Eventually a Cynefin framework is created anew for each of the Capability and Client contexts.
(Click on the image to enlarge it)
We will use the contextualized Cynefin frameworks for categorization in our unique context.
Categorization
We match the user stories from each Cynefin framework indexed by their domain. The resulting Capability / Client matrix represents the Uncertainty about the work items we'll need to deliver.
Client Context | ||||
Complex | Complicated | Obvious | ||
Capability Context | Complex | High | High | High |
Complicated | High | Medium | Medium | |
Obvious | High | Medium | Low |
If a story is part of a Complex domain, it is considered Highly uncertain. If a story is part of a Complicated domain, it is Medium uncertainty. Low uncertainty are only user stories which are Obvious in both frameworks.
User Story | Capability Context | Client Context | Uncertainty profile |
#1 | Complex | Obvious | High |
… | … | … | |
#5 | Complex | Complicated | High |
… | |||
#14 | Obvious | Obvious | Low |
#15 | Obvious | Complicated | Medium |
There are a couple of important issues to be addressed about uncertainty categorization.

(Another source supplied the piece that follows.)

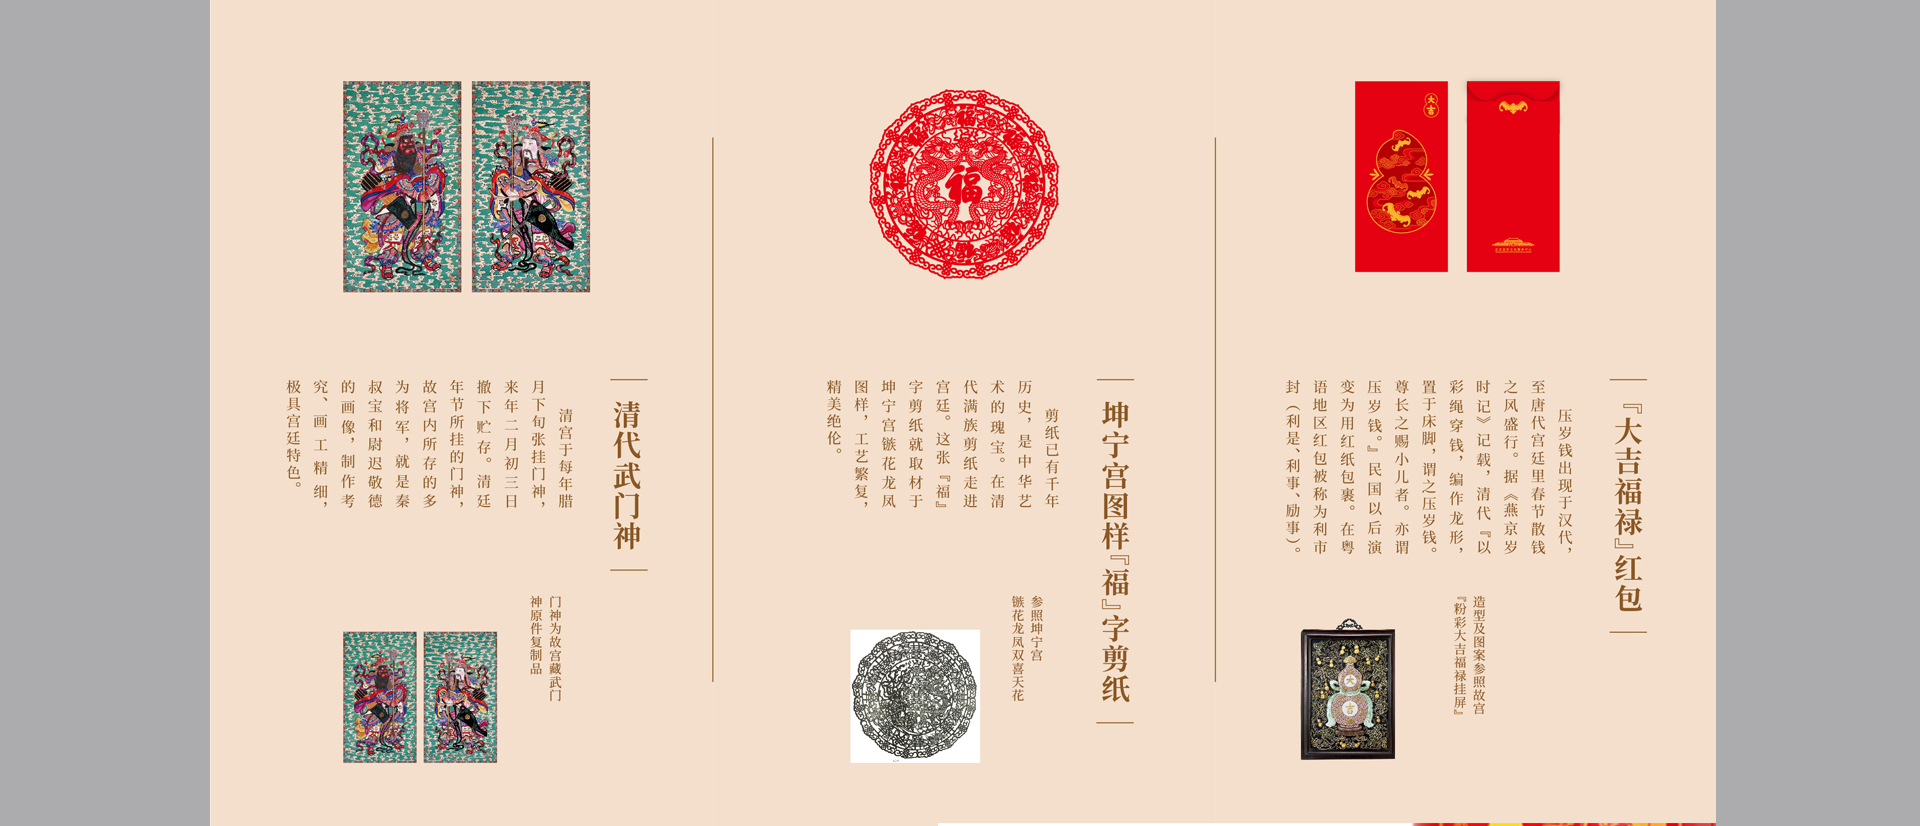 故宫文创 - 北京logo标志vi包装设计-博物馆故宫文创

First - it is important to remember that in a complex system every intervention changes the thing observed. The agents and the system coevolve. Hence the initial categorization of the initial set of user stories is likely to change as we work through the project.
Second –we need to follow the same contextualization/categorization routine whenever we add new user stories to the project scope.
We are addressing the above issues by establishing a regular feedback loop to continuously revisit and update the categorization of the user stories in progress and categorize the newly added user stories.
Staffing
We need different people to work on different uncertainty profiles. The difference is the level of uncertainty they can handle both from Capability and Client perspectives.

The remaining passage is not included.